Friday, February 20, 2009

chew chew, spit spit.

09:23
grmm.. overslept. am now eating breakfast of: eggs, smoked salmon + 2 melon slices.
i'm trying to make myself full early so i don't slip later in the afternoon. i plan on starting on a three-week-detox-thing. anyone want to join? it's hard to do it alone. it's three weeks of not eating wheat, dairy, red meat, sugar and chemicals in processed food. it's a really good diet when it comes to the results. i use it as a revenge diet to outshine other people. hm. that sounded a tad bitchy ^^. but seriously, it's all about choices. saying no thanks to unhealthy food is saying yes, please to being skinny. i must not forget.
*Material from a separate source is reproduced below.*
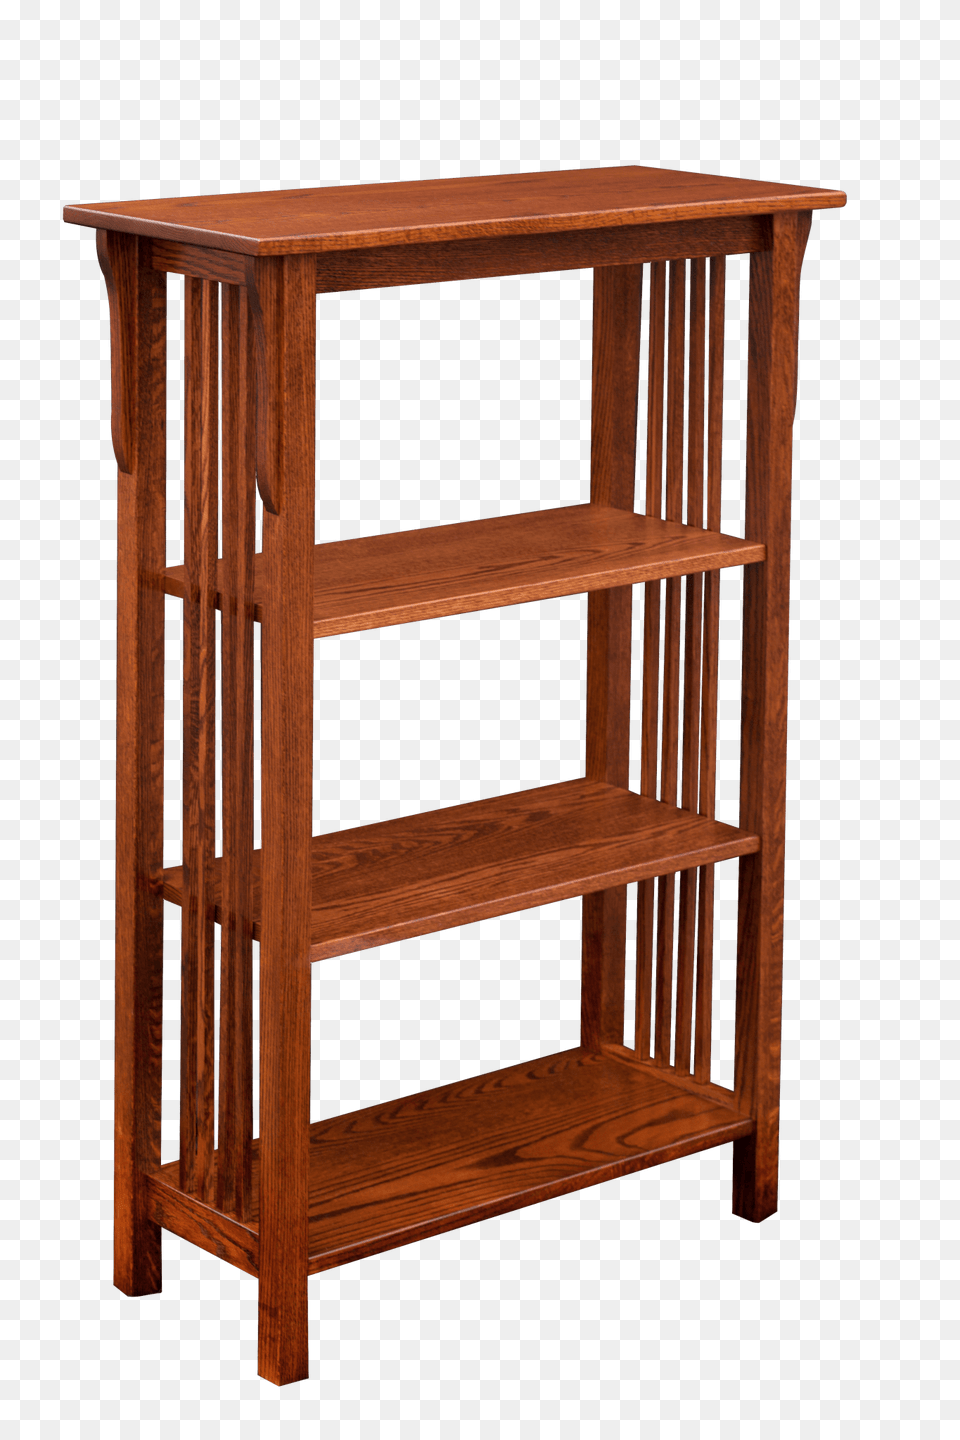 Bookshelves, Furniture, Hardwood, Wood, Crib Png Image

the diet is also a great test for one's will power and control, but it will be worth it all after the three weeks.
beauty inside and out.

yesterday i c&s'ed for the first time in a long time. i decided to eat a slice of cake, then immediately changed my mind once i started chewing it. i spit it out, rolled it into some toilet paper and flushed it out. i'm a bit ashamed for wasting food my mother cooks. i know she would be angry if she knew. i feel disgusting when i do it, but afterwards i'm always relieved. i feel like i succeeded somehow.

oh, and i just bought the new york city ballet work-out dvd. i hope it will bring me closer to the body i want. and that i'm not too inflexible, of course. thinspo of the day: perfect body ballerinas!









it's so unfair..

Wednesday, February 18, 2009

fortune cookie prophecy.

15:01

my last fortune cookie said: "an action that required all your forces will pay." i took it as kind of a sign, and there is no way back now. ana will definitely pay off!
we have so many reasons to be skinny:


- we will be the envy of every girl.
- we will be ever so light and able to move effortlessly and gracefully.
- we will look like models, clothes will fit us better and our cheekbones will pop out.
- we will be walking proof of our control and our power of will.
- we will command the attention of every room we enter.
- we will individually be referred to as 'the skinny one'.
- we will be beautiful.


today i ate/drank a bowl of müsli, coffee, water and fruit. the skinny-mantras are helping already. tonight i'm going to visit her. and she won't be able to make me eat, i swear! ana is my secret weapon. i told my parents i'm eating at her place and i'll just tell her i'm eating at home.
i'm a genius. people are so easy.

Saturday, February 14, 2009

chubby.

if you're chubby and you hate it, clap your hands.
clap.
clap.

11:20
i just returned from berlin last night. it was fantastic. except that i put on weight. i don't know how much it actually is, but i feel huge. i love berlin, but they have too many unhealthy options when it comes to grabbing a quick bite; döner, currywurst (a thick, greasy sausage in ketchup-sauce w. a sprinkling of curry.. ewww), huge pretzels w. salt. plus, i went over there with my parents and it was very hard to hide it, so i let go: i ate
what/when they ate. and nemesis was severe stomach pain, feeling bloated, greasy and very ugly. i beat my self up about it on the way home and i plan to start a detox diet soon. luckily, berlin have whole supermarkets with just organic and biodynamic foods, so i stacked up on tea, fruit, celery sticks, apple chips and stuff. mm.

i went running at 10:00 (excellent start!) this morning, took a cold shower afterwards, rubbed my self w. birch
oil and then got dressed and prepared this breakfast:
- 1 egg fried in 1 tbs coconut oil (said to be good for metabolism)
- 1 big carrot cut in smaller sticks
- 1 orange cut into little pieces
- 1 thin slice of wholegrain bread (lightly toasted on the same pan as the egg in leftover oil) cut in two, w. a
small amount of peanut butter on one piece, and fig spread on the other.
- grape juice diluted w. water

i spent about 45 minutes eating it, chewing carefully, dreaming about a skinnier self.
i simply won't allow myself to fuck this up.


today's thinspo is sasha grey:










she's not totally skinny, but has a nice figure.